We work with communities to implement weather-resistant corn silos that greatly reduce these post-harvest losses. Corn silos can store grain produced by up to five families. With improved storage capabilities, people will have the option to buy and sell corn according to market fluctuations. After damaging tropical storms force corn prices to rise, stored corn can be sold for a profit. When corn prices are down, families can maintain their supply until the market favors selling, use the corn for their own needs, or purchase corn on the market to resell when prices rise. The introduction of a revolving loan fund will aid families in this endeavor. The simple concept of adequate storage allows for families to think and plan strategically around their main crop. Their health and future income is also less vulnerable to weather and pests.
Family gardens increase a family’s capacity to produce basic grains and foods rich in micronutrients, aiding the youngest children and pregnant women, those most vulnerable to malnutrition.
These gardens are also an important component of our strategy for adapting to climate change as they counteract nutrient loss resulting from the devastation of staple crops by tropical storms, a fierce by-product of climate change. Additionally, their size simply makes them more resistant to storms than large cultivation areas.
The indiscriminate use of fertilizers and pesticides resulted in the deterioration of soil quality and crop productivity over time. Families are learning to compost their organic material and animal manure which has the dual function of reducing waste and healing the soil. Within three years, we expect that the soil will have revived enough that synthetic fertilizers, pesticides, and herbicides will no longer be in use.
Families will be able to sell surplus vegetables, and use the funds to buy new seeds and to satisfy other unmet needs.
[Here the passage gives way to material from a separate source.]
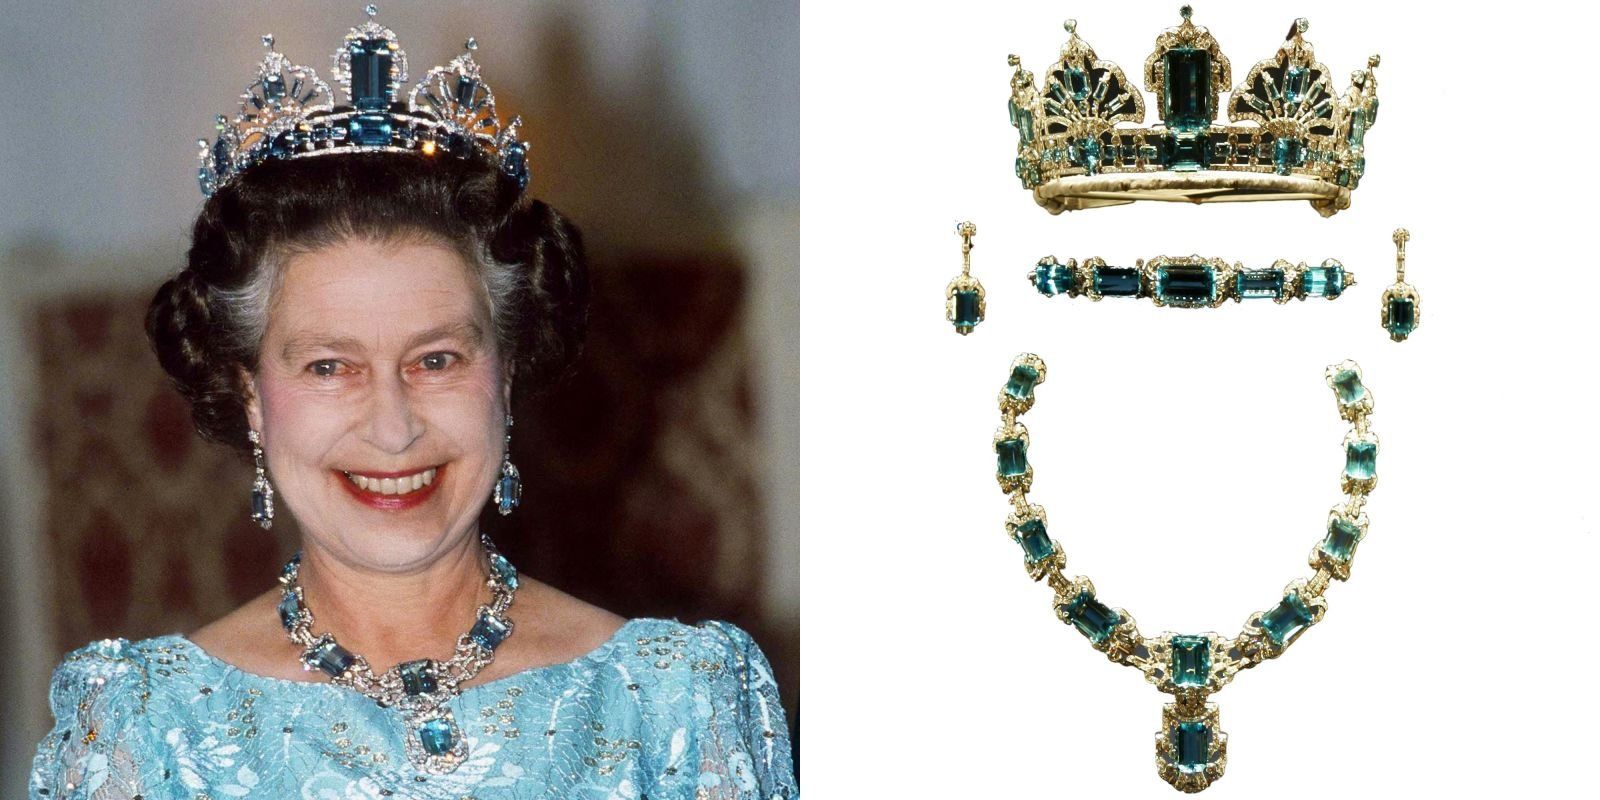 エリザベス女王からキャサリン妃へ 英国王室に受け継がれるティアラ17

Goats are an important component of our efforts to defeat chronic malnutrition and address the impact of climate change. They are a resistant source of nutrients that are not affected by tropical storms. Goat milk is an excellent source of calcium and vital minerals for children suffering from malnutrition. They are easy to sustain, can eat almost anything, and their manure serves as healthy compost for family gardens. Goats adapt to the rocky highlands of Guatemala better than cows do, require less food, and consume less water. Importantly, the pesky problem of lactose intolerance doesn’t occur with goat milk. Goats have been used in the fight against chronic malnutrition worldwide for decades, and with good reason.
Our project is simple and sustainable: families who have children under five that are malnourished receive a milking goat. The family commits to giving the first female offspring of that goat to another family.